* Task statement *
The expected output is the first line of the data below and every line after it, up to and including the line containing "The beach at", each reproduced exactly.

* Records for this task *
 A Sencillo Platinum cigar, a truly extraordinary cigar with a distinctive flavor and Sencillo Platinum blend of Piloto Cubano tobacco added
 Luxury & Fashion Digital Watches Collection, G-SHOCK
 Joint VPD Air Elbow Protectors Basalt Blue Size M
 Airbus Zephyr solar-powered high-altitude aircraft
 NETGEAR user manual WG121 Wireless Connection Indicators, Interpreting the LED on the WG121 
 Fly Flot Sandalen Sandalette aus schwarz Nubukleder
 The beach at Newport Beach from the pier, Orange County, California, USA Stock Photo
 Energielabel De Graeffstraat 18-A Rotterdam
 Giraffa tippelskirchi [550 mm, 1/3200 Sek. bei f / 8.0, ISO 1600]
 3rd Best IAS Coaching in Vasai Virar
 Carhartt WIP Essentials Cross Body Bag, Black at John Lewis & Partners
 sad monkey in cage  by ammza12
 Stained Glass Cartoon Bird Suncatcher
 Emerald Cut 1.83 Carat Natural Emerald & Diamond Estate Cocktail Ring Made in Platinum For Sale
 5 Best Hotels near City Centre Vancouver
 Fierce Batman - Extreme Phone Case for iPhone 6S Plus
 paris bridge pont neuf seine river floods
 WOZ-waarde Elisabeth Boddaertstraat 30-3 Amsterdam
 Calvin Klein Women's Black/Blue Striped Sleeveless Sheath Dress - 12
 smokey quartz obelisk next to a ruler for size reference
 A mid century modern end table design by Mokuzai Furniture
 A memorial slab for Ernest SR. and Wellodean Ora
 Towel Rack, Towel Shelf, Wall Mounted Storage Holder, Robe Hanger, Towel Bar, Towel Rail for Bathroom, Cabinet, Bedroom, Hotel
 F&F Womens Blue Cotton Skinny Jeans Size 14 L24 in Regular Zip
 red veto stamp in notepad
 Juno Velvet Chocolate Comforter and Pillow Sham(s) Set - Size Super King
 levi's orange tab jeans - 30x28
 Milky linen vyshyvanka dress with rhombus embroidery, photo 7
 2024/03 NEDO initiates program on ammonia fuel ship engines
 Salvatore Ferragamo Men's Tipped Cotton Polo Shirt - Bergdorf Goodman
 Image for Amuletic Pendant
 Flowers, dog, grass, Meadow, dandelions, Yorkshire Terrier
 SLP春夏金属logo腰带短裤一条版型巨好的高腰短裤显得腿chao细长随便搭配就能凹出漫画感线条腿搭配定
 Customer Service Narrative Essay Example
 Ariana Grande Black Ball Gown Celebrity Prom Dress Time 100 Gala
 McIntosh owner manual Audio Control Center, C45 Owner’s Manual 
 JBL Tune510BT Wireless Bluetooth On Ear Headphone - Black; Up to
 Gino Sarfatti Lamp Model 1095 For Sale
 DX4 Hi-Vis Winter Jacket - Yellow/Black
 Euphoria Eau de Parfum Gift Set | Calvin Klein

* Exercise result *
 A Sencillo Platinum cigar, a truly extraordinary cigar with a distinctive flavor and Sencillo Platinum blend of Piloto Cubano tobacco added
 Luxury & Fashion Digital Watches Collection, G-SHOCK
 Joint VPD Air Elbow Protectors Basalt Blue Size M
 Airbus Zephyr solar-powered high-altitude aircraft
 NETGEAR user manual WG121 Wireless Connection Indicators, Interpreting the LED on the WG121 
 Fly Flot Sandalen Sandalette aus schwarz Nubukleder
 The beach at Newport Beach from the pier, Orange County, California, USA Stock Photo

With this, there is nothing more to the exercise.